Premature Ejaculation

Premature ejaculation (PE) is a condition in which a man ejaculates earlier than he or his partner would like him to. Premature ejaculation is also known as rapid ejaculation, rapid climax, premature climax, or early ejaculation. Premature ejaculation as the condition in which a man ejaculates before his sex partner achieves orgasm, in more than fifty Premature ejaculation cent of their sexual encounters.

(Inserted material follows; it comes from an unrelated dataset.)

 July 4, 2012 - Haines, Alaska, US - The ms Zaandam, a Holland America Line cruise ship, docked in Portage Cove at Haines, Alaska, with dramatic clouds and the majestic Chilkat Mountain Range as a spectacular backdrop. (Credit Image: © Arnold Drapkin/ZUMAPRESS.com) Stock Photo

Premature Ejaculation can be differentiated between two type. Primary, which is present from the time a male begins puberty, and Secondary which is acquired later in the man’s life. Premature Ejaculation can be further divided between; Global Premature Ejaculation, which occurs with all partners and in all contexts and Situational Premature Ejaculation which occurs in certain situation or with specific partners

Most men experience premature ejaculation at least once in their lives. Because there is great variability in both how long it takes men to ejaculate and how long both partners want sex to last, if at all, an accurate prevalence rate is hard to determine, estimates range from as low as 5% to as high as 30%

What happens in Premature Ejaculation?

In men with Premature ejaculation, the mechanism of ejaculation is the same as in men without Premature ejaculation, but it happen much more quickly and with less feeling of control. Men with Premature ejaculation have compared their lack of control over ejaculation to a sneeze – they can feel that it’s going to happen but they can’t do anything to stop it. This is because, like a sneeze, ejaculation is a reflex action that is controlled by the brain and nervous system, and once triggered it can’t be stopped. Ejaculation can be triggered by mental as well as physical sexual stimulation.

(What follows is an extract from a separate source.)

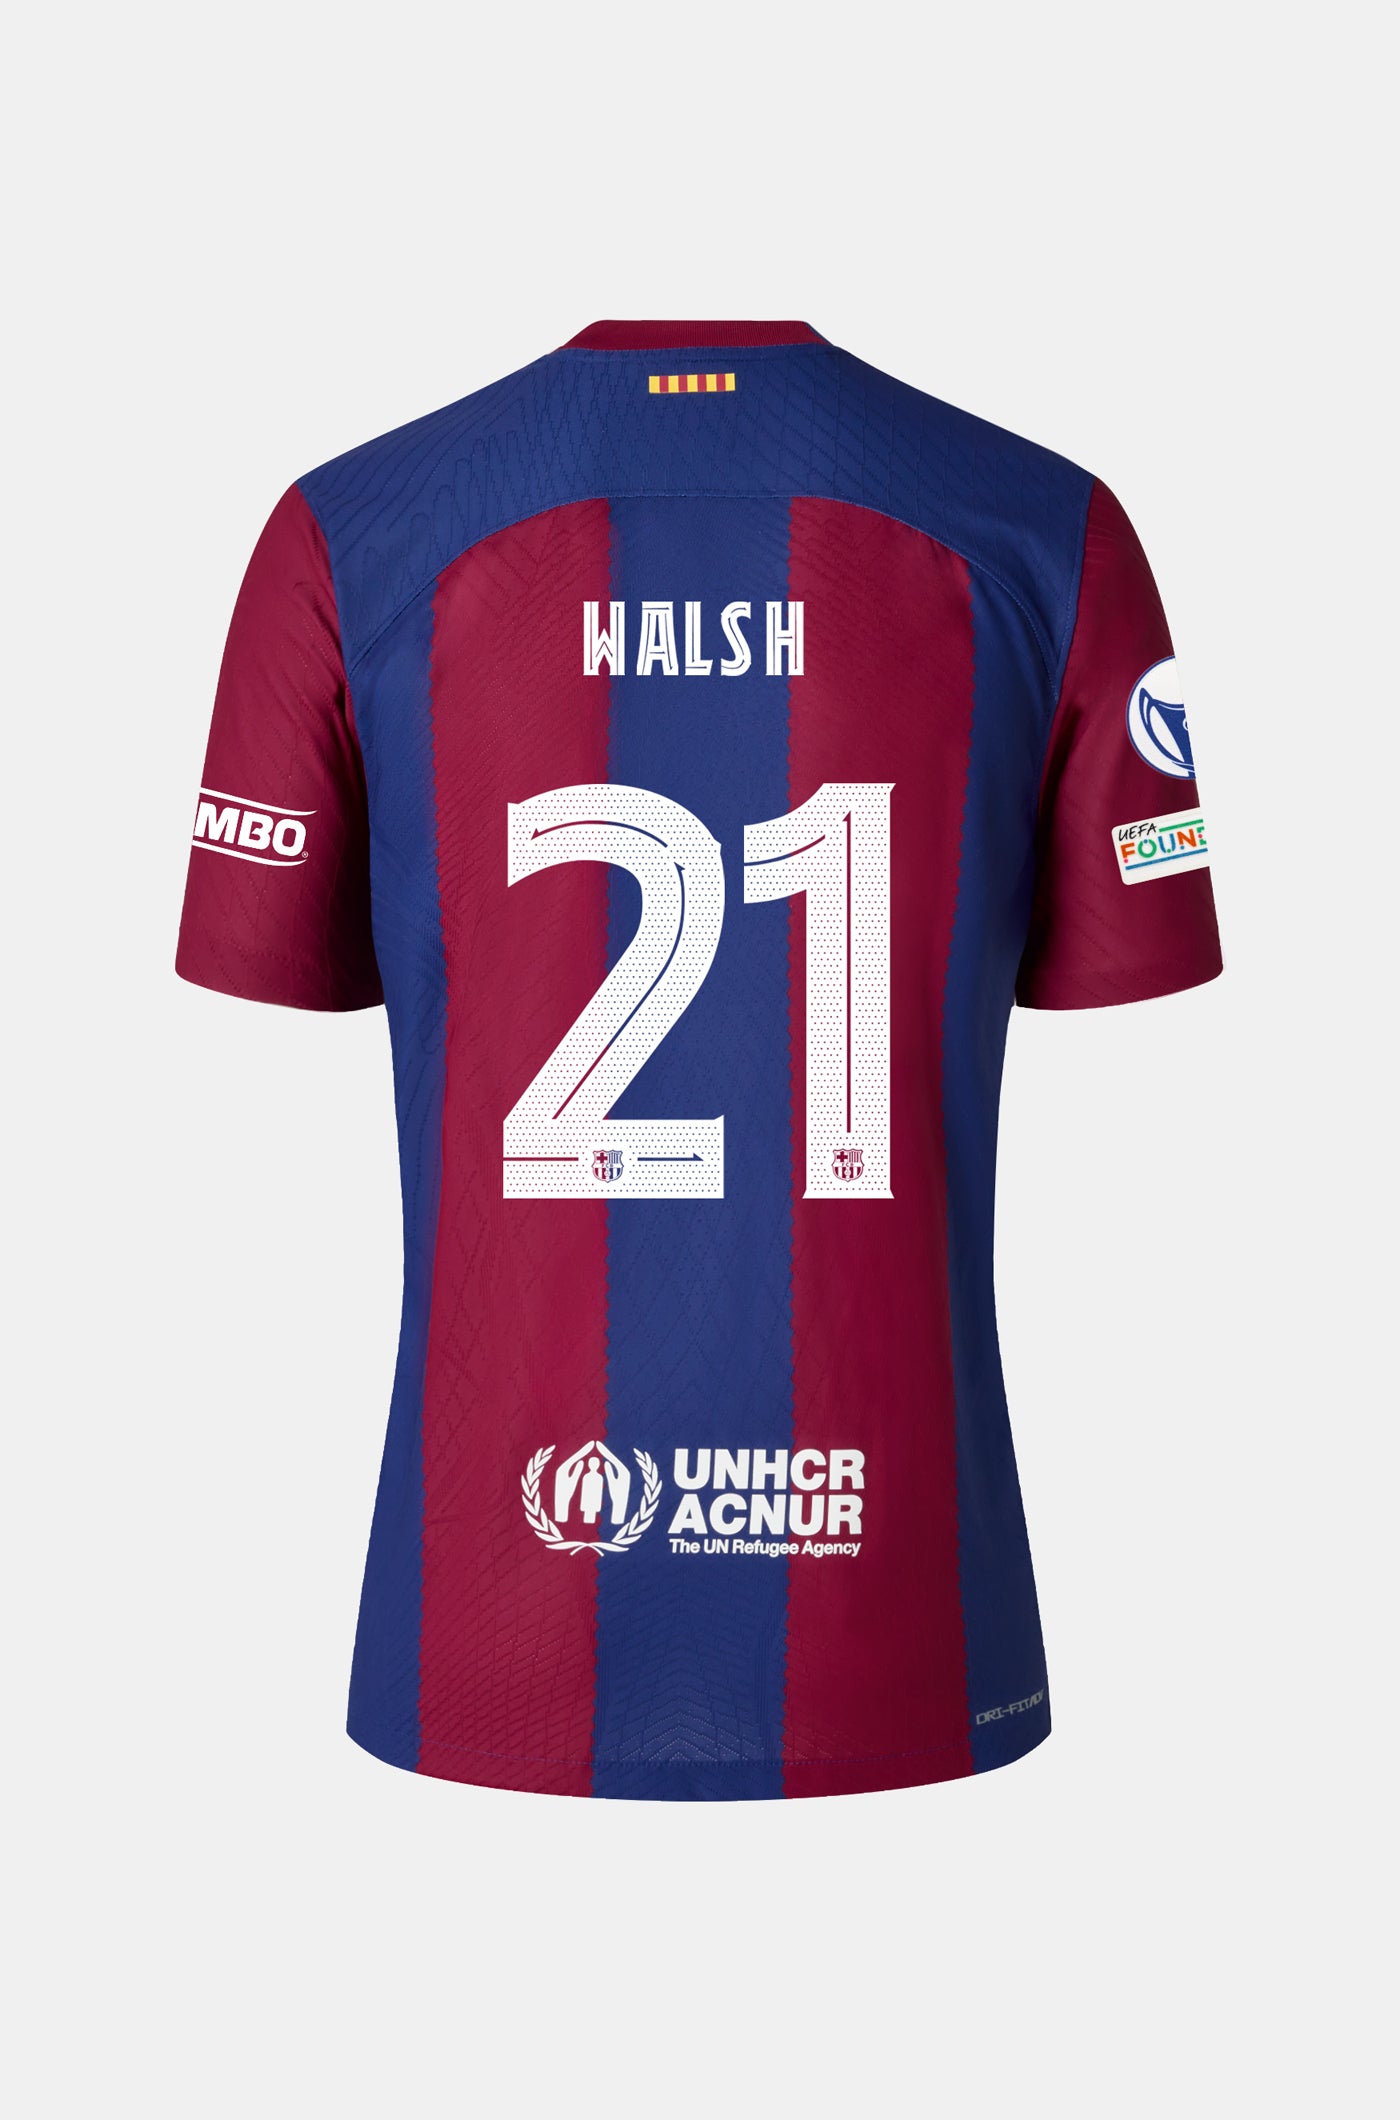 UWCL FC Barcelona home shirt 23/24 Player's Edition  - WALSH

What causes Premature Ejaculation?

The exact reason why some Premature people have a faster sexual response is not yet fully understood. In the past, Premature ejaculation was thought to be a purely a psychological condition, but doctors now know that it can be caused by physical problems associated with the serotonin signals in the brain that control ejaculation. Scientists recently discovered variations of a gene controlling serotonin signalling that could be linked to Premature ejaculation

How many men suffer from premature ejaculation?

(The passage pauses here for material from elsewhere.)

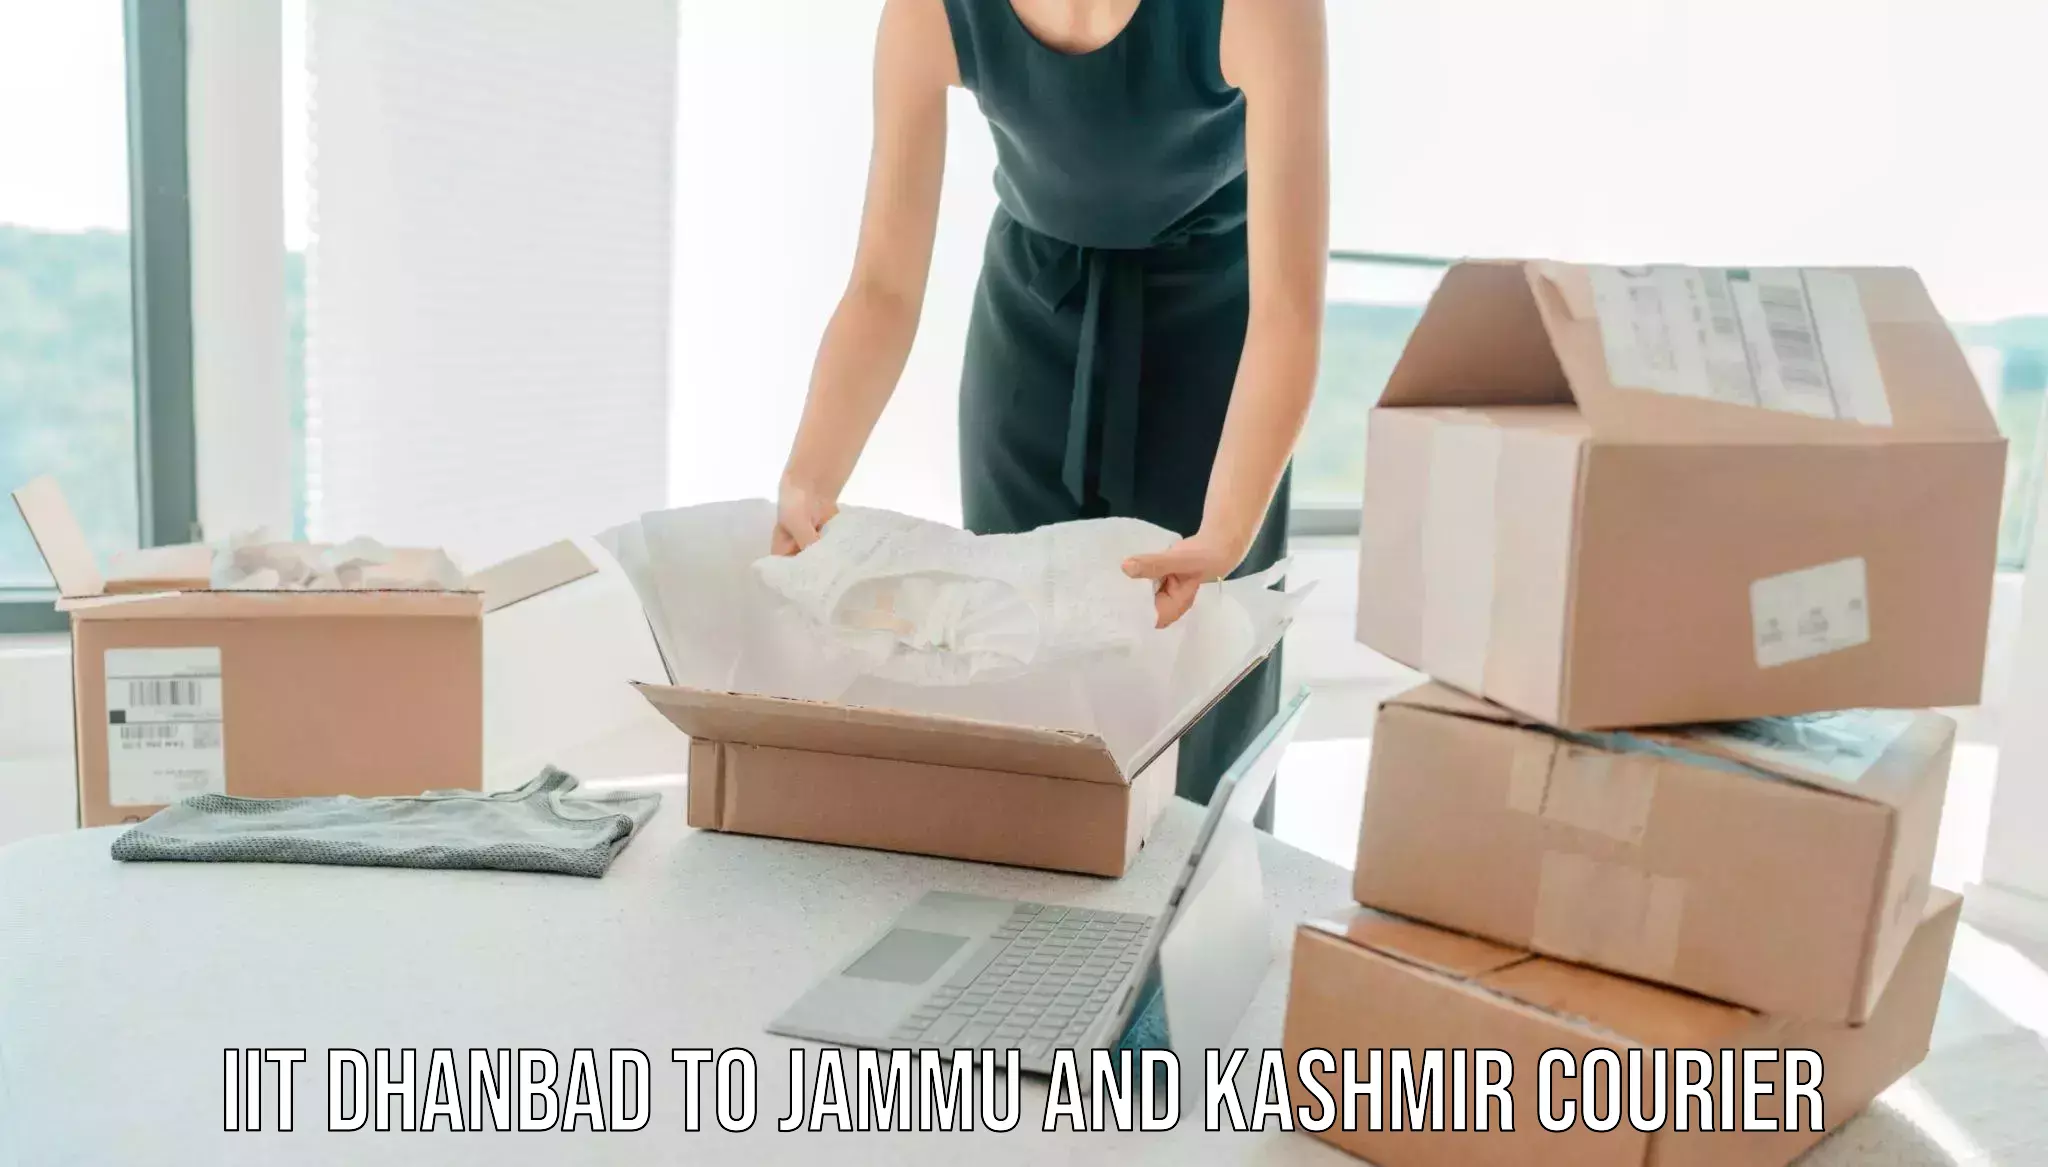 Furniture delivery service in IIT Dhanbad to Jammu and Kashmir

Premature ejaculation is a common medical condition, with some experts believing that as many as one-third of all men will experience Premature ejaculation at some point in their lives, although the proportion of men who experience substantial distress is probably a lot lower. The true frequency of what is quite a private condition is understandably hard to estimate.

What is the impact of premature ejaculation?

The burden of Premature ejaculation is both emotional and physical. It can cause low self-confidence, anxiety, and feelings of shame. In some studies an association with depression has also been shown

Frequency and impact

A recent survey of over 12,000 men found that those with Premature ejaculation had significantly worse sexual lives than men without Premature ejaculation, with a greater proportion reporting ‘little interest in sex’, ‘lack of orgasm’ and difficulties in achieving or maintaining an erection. The effects of Premature ejaculation also extend beyond sexual intercourse and relationships, with men with Premature ejaculation reporting lower overall quality of life than men without Premature ejaculation.